For nested target structures, mfe prediciton was done using RNAfold from the ViennaRNA-package [11, 35]. In this work, structure constraints have been extended to support crossing, i.e. pseudoknot, structures. To this end, the structure predictor employed in antaRNA was substituted with the program pKiss [29]. pKiss is capable of predicting two specific subclasses of pseudoknots: hairpin (H-type) and kissing hairpin (K-type) structures. Both types are biologically important, even though H-type pseudoknots have been reported more often in the literature and in data bases. Both play crucial roles in various key functional domains of RNAs [36].

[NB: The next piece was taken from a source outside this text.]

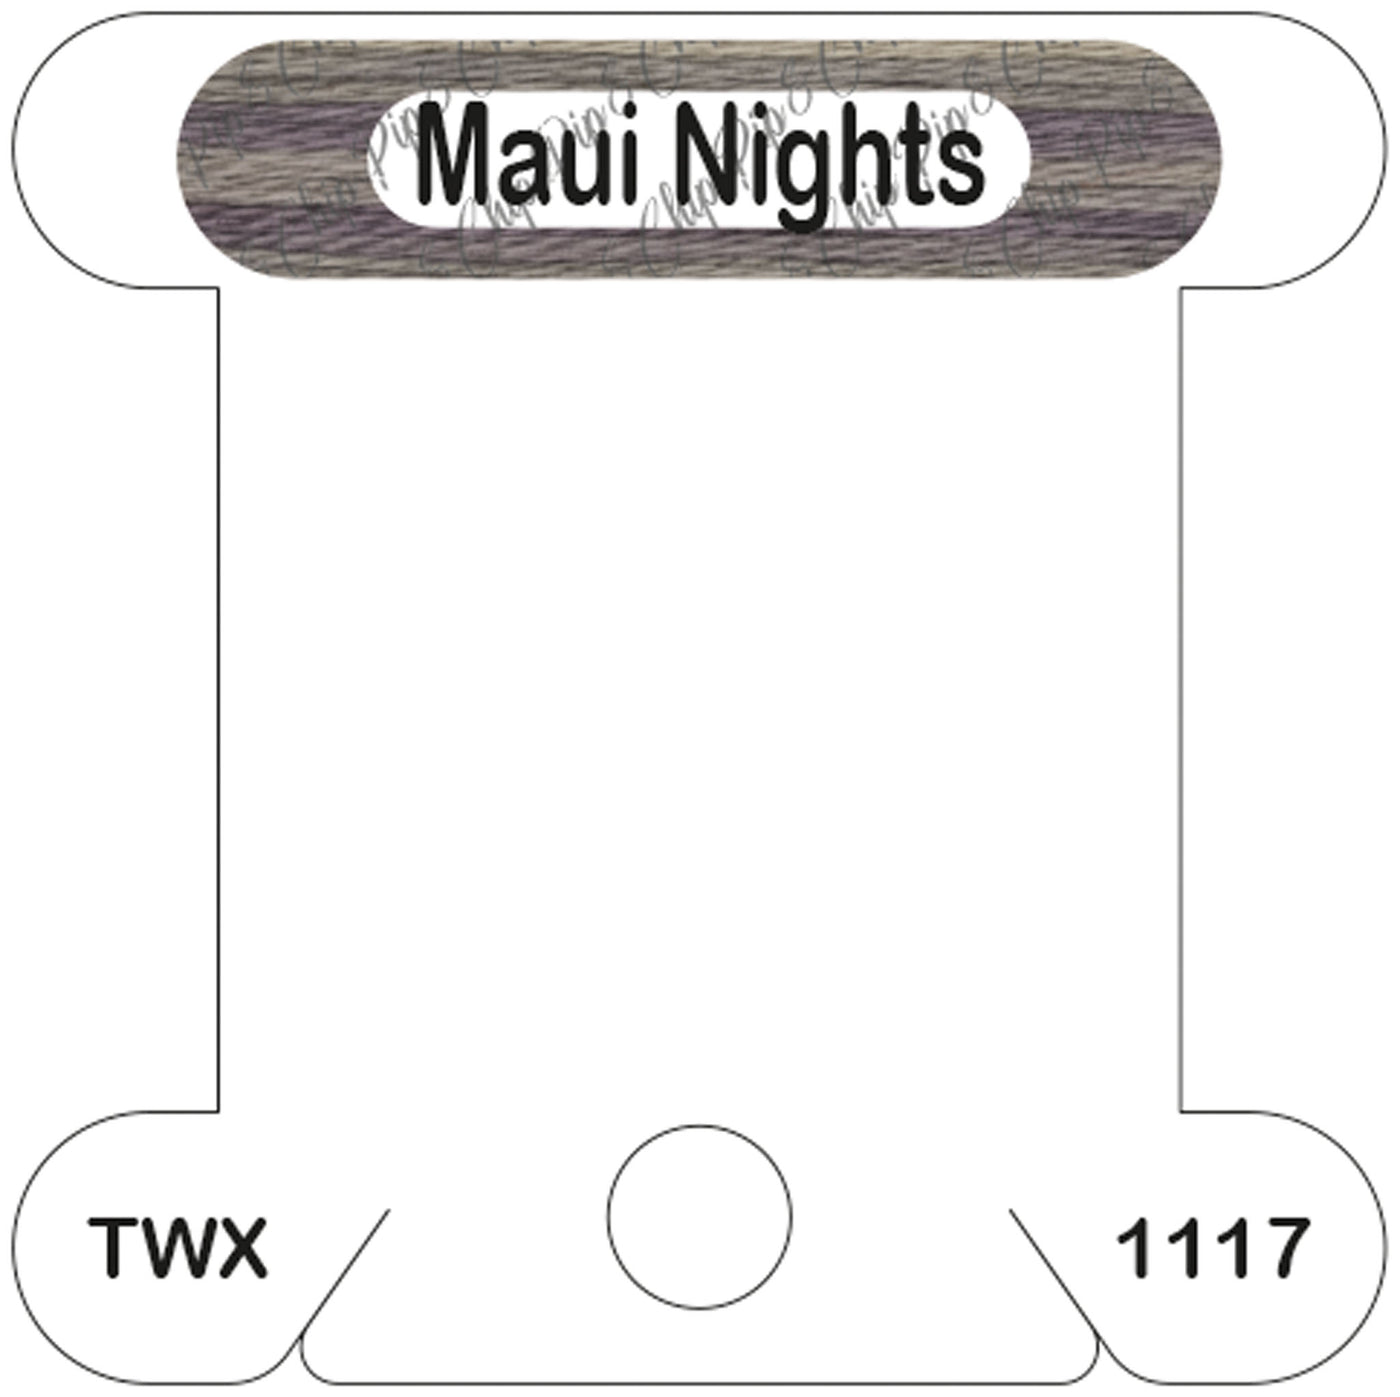 ThreadworX Maui Nights acrylic bobbin
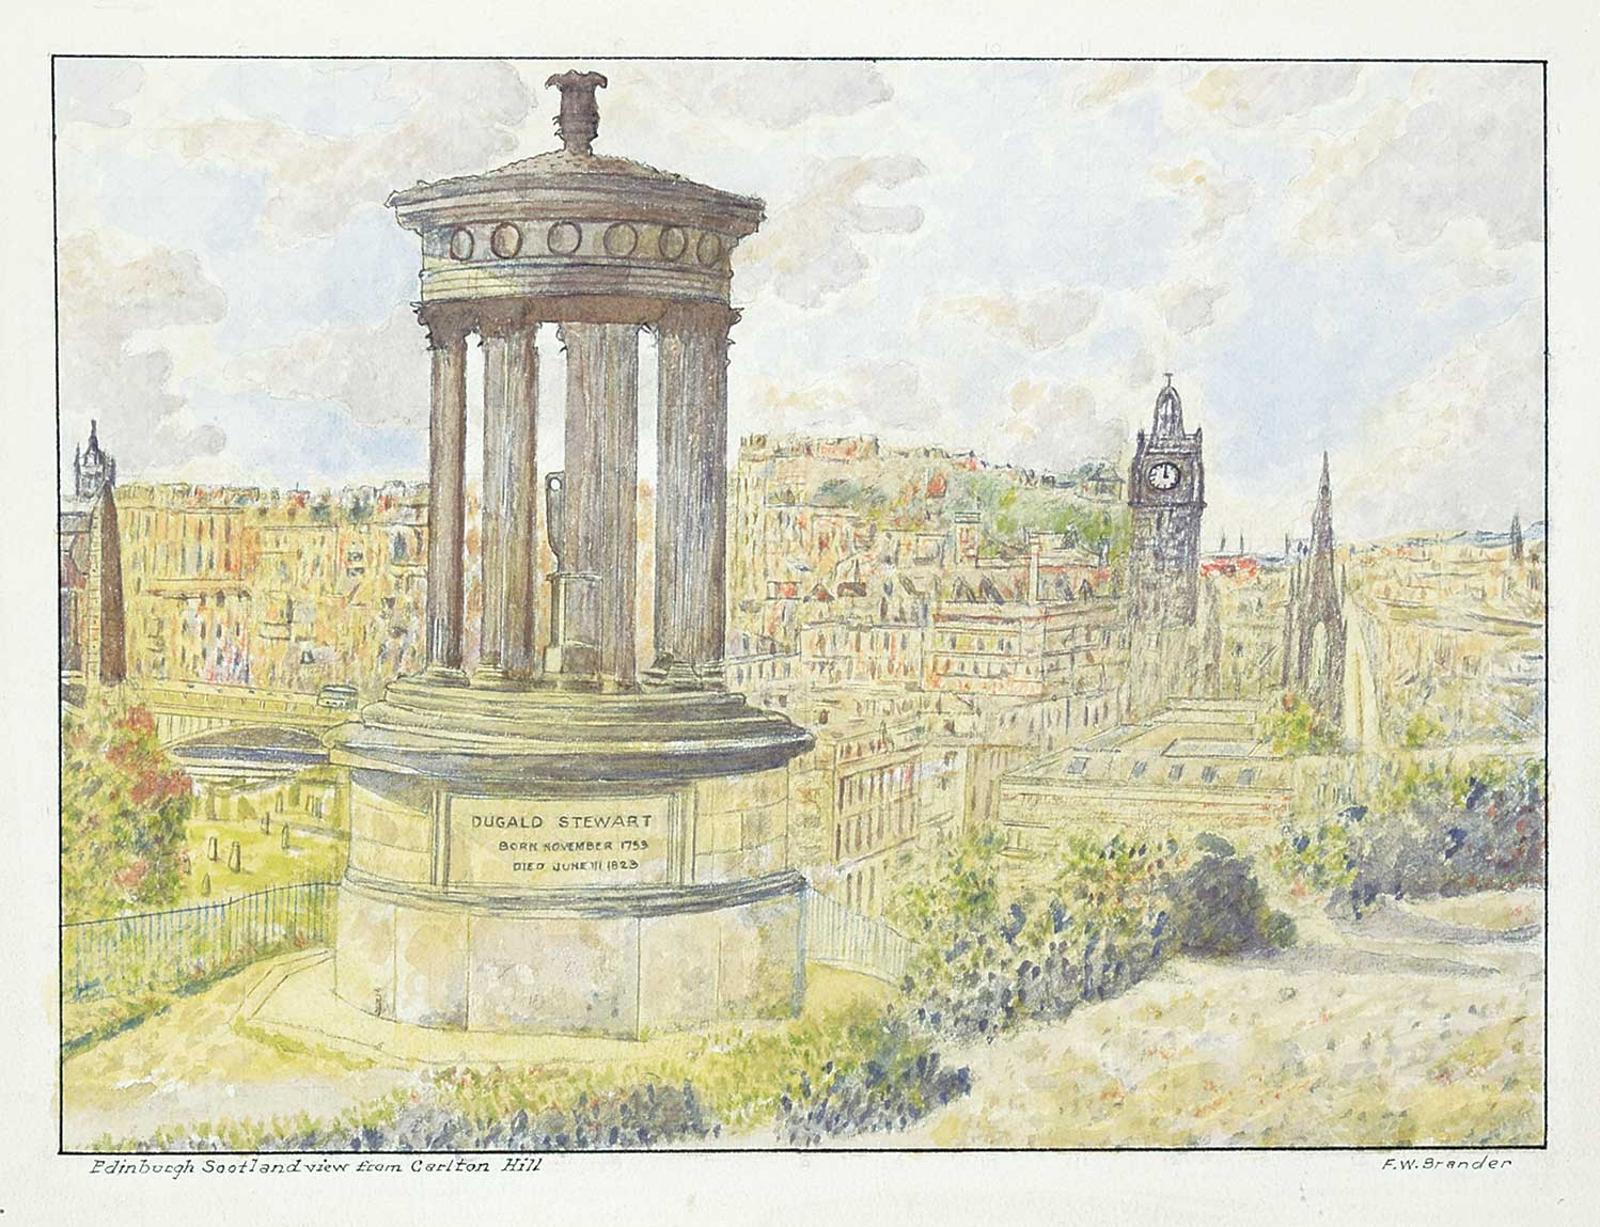 F. W. Brander - Edinburgh Scotland, View from Carleton Hill

Since mfe structure prediction is done for each assembled sequence, its time complexity is of importance. RNAfold finds nested structures with a time complexity of \(\mathcal {O}(n^{3})\) for sequences of length n [37]. pKiss predicts mfe structures with pseudoknots in \(\mathcal {O}(n^{4})\) when heuristics are applied. For exact mfe calculations, pKiss requires \(\mathcal {O}(n^{6})\) time [29]. antaRNA provides the possibility to choose the prediction method applied by pKiss.

antaRNA was extended such that the structure parsing and management now respects the increased complexity of pseudoknotted structures. The allowed set of brackets within the dot-bracket structure constraint notation was extended to “()[]{}<>” as it is used by pKiss. Furthermore, a pKiss-optimized set of parameters for antaRNA has been identified, when using pKiss for structure prediction. This is discussed in the following sections.

New features

In addition to pseudoknot structure support, antaRNA now provides soft sequence and improved hard fuzzy structure constraint definitions. Both increase the level of detail, at which the target constraints can be defined.

The soft sequence constraint now allows to specify (in lower case letters) the preference for a nucleotide at a certain position. The nucleotide is then not enforced but penalized in the sequence quality assessment if a different nucleotide was set. This enables more flexibility to the antaRNA-based sequence design.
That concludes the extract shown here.